Friday, 22 April 2011
Nostromo
I've really been enjoying listening to Sleep Research Facility's album Nostromo a lot lately which--as you might have guessed--is inspired by the film Alien. As Kevin Doherty has revealed in an interview:
Those that have heard of SRF will probably know you through the Nostromo CD that was released by Cold Spring Records a while ago. This was, as the name suggests, promoted as a soundtrack prelude to the Alien film. Why did you choose to follow such a concept? Does Alien, or the imagery in the film, have any special place for you?
KD: “Soundtrack prelude to the Alien film”, that's a terrific description. Yeah, "Alien" is my favourite film (I'm big into films and I really like good incidental music) and as a quiet haunting environment the ship "Nostromo", on which the story takes place, is second to none. Also, it seems to me to be really highlighted during the film's first moments – those introductory slow panning shots, there's a strange sense of abandonment so the whole project is kind of inspired by this opening sequence of scenes. Also one can't help but always associate deep space travel with some kind of hyper-sleep or suspended animation, so that theme is almost automatically present as well, though that wasn't really a deciding factor in choosing the subject matter (it's really about the ship, not the people sleeping in it). I suppose I tried to create an aural equivalent of these sensations one might feel, all alone exploring this vast dark place, cut off from everything and everyone -- nothing (apparently) happening, just you and the environment, no distraction, no conversation, not really overtly nightmarish but still curiously tense in some otherworldly and dreamlike way -- something lurks in the shadows but it never jumps right out to scare you, it's maybe a bit like sneaking around in the dead of night when everyone else is asleep, which can be fun and at the same time maybe a bit un-nerving in a compelling sort of way".
It's very hard to capture the kind of structure of feeling I attempted to evoke in my previous posting concerning the work of Darren Jorgensen, which I detect again listening to Nostromo. But how could it be otherwise, when you are dealing with something on the edges of semantic availability? No doubt there will be proponents of so-called "dark vitalism" out there who will soon turn their attention in earnest to this style of ambient music, leading to all sorts of imaginings along the lines perhaps of Deleuze and Guattari's invoking of how Lovecraft's... (should take me five minutes to try to plug into this style of thinking...first I have to create an appropriate search string; wait! I've found something already, ok, let's go then) (ahem!) ...stories become most abstract when he attempts to encounter the plane through the exquisitely minimal, imperceptible haecceities...but of course the plane cannot be encountered. Things emerge through the plane, but the plane does not exist unto itself. Deleuze and Guattari say of music that "there is a transcendent compositional principle that is not of the nature of sound, that is not 'audible' by itself or for itself. This opens the way for all possible interpretations" (TP 266). The horror of Lovecraft's cosmos comes because "it" is not.

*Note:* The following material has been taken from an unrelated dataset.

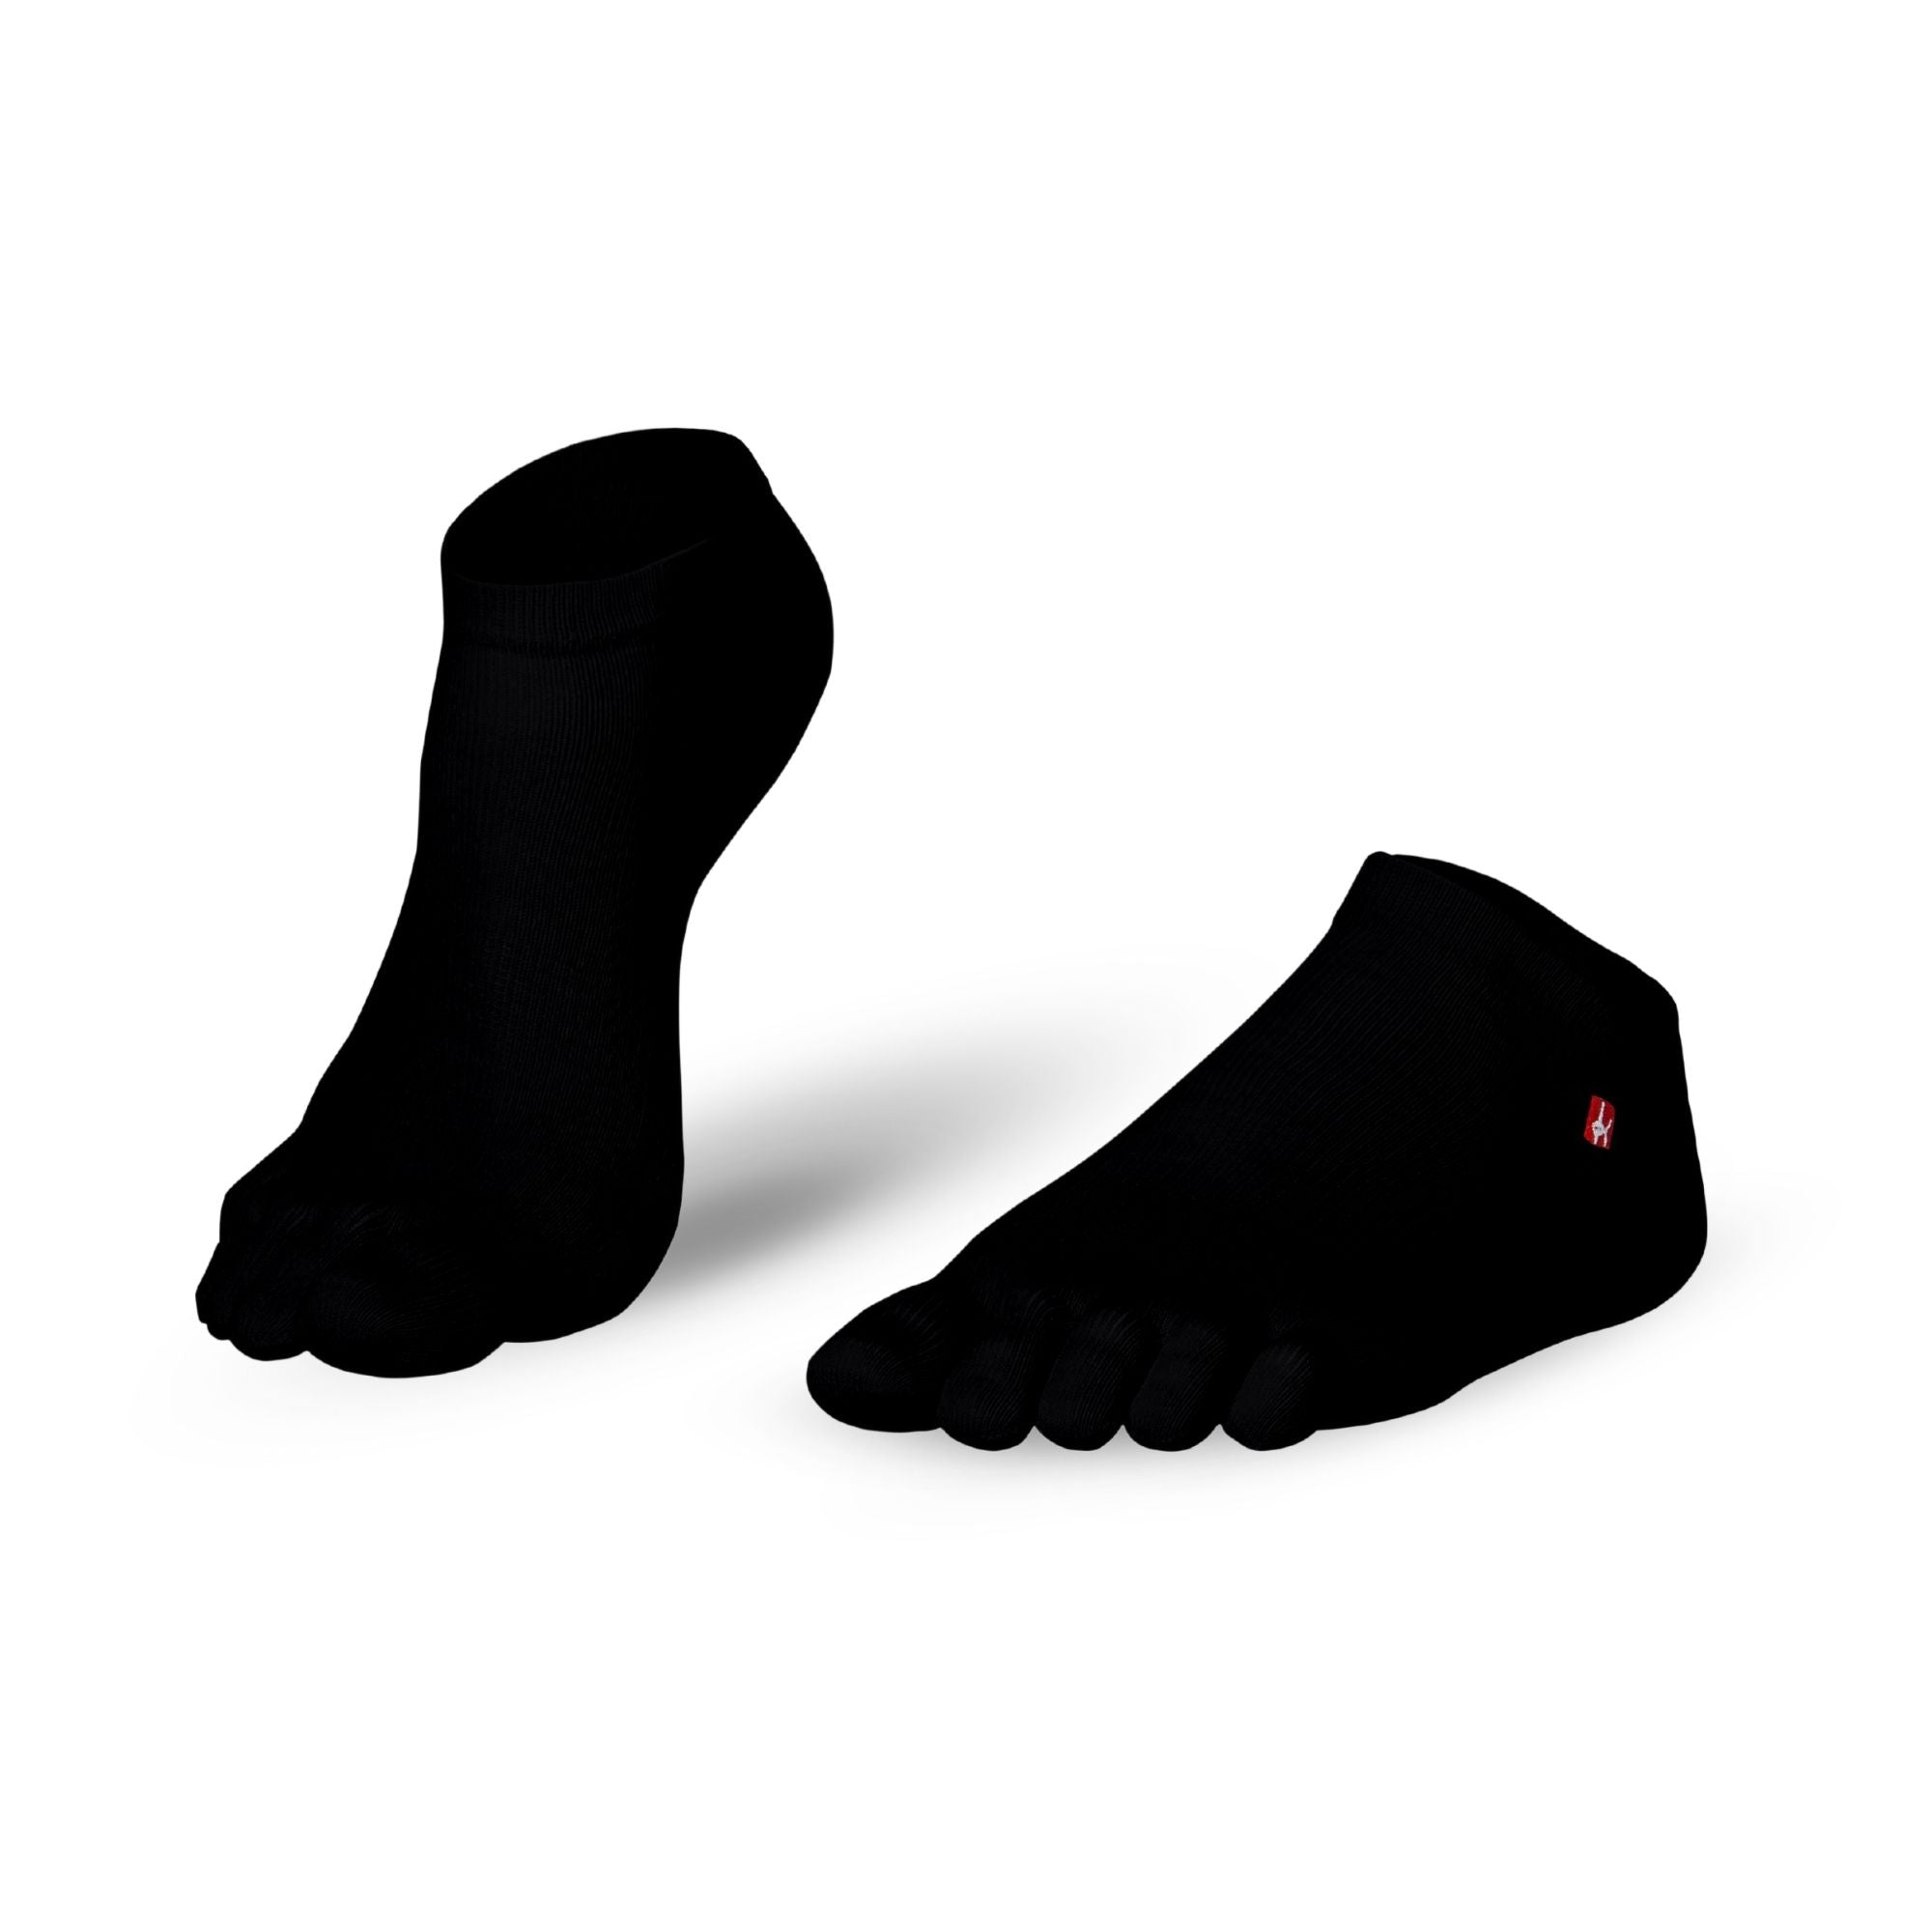 Prstne nogavice Coolmax Sneaker by Knitido Track & Trail ultralite fresh v črni barvi

Through access to the different organisational principles of the cosmos, his protagonists are faced with the truly voluminous and thus mind-shattering infinity of variations and immanent-interpretations (not reflections) of states of perception.
This would be music as a liberating practice that opens gates to what Patricia MacCormack (who I have been borrowing from here) describes as "an infinite territory beyond representation, signification, and perception itself". Could it be that Matt Howarth is attempting a similar gesture in his stories about isolated characters who attain "enriched visions" through personal transfiguration? Howarth is a particularly interesting figure in this context I think because he has long incorporated electronic musicians as characters in his works, with Enriched Visions paying tribute to onetime Lustmord collaborator, and outstanding ambient composer in his own right, Robert Rich. Indeed, the book features a dialog between the two about the parallels between the stories and Rich's own compositions. A dark vitalist might go further by quoting MacCormack's observation to the effect "that these relations force alternate modes of perception without laying new structures of apprehension, finally leading to the function of art as catalysing becomings in the reader/listener by demanding alternate perceptions of relation with any and all entities".
And so to an overview of the stories in question:
"A collection of short science fiction and surreal stories by Matt Howarth based on the compositions of ambient pioneer Robert Rich. Embark on a series of fantastic voyages, where you’ll encounter: the link between a massive brushfire and aboriginal cave art, a mathematician’s quest into the desert, giant lizards orbiting the Earth, an old man captivated by dancing moss in a park, a kidnapping in the new Ice Age, the music a lonely lighthouse keeper uses to while away the nights, the fate of the last Martians, the unnatural hunger of Dame Procol’s new lifeforms, a man in search of amnesia, an antique dealer specializing in artifacts from the 21st Century’s texplosion era, an alien spire that reaches beyond the sky, and more. This book also features story notes in which Howarth and Rich discuss the connections between the stories and the source music."